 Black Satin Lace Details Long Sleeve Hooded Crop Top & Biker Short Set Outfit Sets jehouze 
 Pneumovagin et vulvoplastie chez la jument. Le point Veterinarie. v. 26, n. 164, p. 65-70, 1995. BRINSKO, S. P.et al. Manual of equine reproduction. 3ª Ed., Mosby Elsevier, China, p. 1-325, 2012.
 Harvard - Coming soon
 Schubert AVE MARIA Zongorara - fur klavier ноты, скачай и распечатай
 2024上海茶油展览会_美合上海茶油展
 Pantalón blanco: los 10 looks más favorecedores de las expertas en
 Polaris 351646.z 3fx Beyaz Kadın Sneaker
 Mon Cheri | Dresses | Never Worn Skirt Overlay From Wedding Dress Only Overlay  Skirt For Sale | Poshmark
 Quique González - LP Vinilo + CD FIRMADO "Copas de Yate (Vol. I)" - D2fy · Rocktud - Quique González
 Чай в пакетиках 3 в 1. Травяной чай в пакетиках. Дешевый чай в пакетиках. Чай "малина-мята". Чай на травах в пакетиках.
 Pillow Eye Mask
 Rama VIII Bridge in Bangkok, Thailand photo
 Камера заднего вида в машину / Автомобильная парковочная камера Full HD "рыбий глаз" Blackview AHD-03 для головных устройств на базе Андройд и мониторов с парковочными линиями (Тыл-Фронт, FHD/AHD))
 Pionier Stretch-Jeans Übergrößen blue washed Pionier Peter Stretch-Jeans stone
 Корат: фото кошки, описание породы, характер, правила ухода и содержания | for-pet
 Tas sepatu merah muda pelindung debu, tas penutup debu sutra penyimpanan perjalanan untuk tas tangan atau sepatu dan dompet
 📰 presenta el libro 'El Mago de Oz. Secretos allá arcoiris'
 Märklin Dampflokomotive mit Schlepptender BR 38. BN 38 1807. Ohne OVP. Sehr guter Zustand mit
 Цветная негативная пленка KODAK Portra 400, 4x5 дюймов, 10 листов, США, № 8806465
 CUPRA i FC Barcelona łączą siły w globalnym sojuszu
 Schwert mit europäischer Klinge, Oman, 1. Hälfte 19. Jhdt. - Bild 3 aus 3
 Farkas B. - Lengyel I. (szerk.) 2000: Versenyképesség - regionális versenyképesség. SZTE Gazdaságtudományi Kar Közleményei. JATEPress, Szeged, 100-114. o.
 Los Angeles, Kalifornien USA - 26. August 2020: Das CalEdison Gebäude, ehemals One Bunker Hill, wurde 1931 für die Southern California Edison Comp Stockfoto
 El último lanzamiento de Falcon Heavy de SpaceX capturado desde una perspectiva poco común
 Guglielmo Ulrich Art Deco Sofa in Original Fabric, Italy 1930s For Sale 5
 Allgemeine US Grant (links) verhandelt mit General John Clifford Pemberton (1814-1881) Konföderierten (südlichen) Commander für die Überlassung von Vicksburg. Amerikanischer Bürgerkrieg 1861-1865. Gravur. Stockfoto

• What is being asked: Nothing from before the line containing "El último lanzamiento" should appear; copy that line and each one after it through the last line of the entries, exactly.

• Written answer:
 El último lanzamiento de Falcon Heavy de SpaceX capturado desde una perspectiva poco común
 Guglielmo Ulrich Art Deco Sofa in Original Fabric, Italy 1930s For Sale 5
 Allgemeine US Grant (links) verhandelt mit General John Clifford Pemberton (1814-1881) Konföderierten (südlichen) Commander für die Überlassung von Vicksburg. Amerikanischer Bürgerkrieg 1861-1865. Gravur. Stockfoto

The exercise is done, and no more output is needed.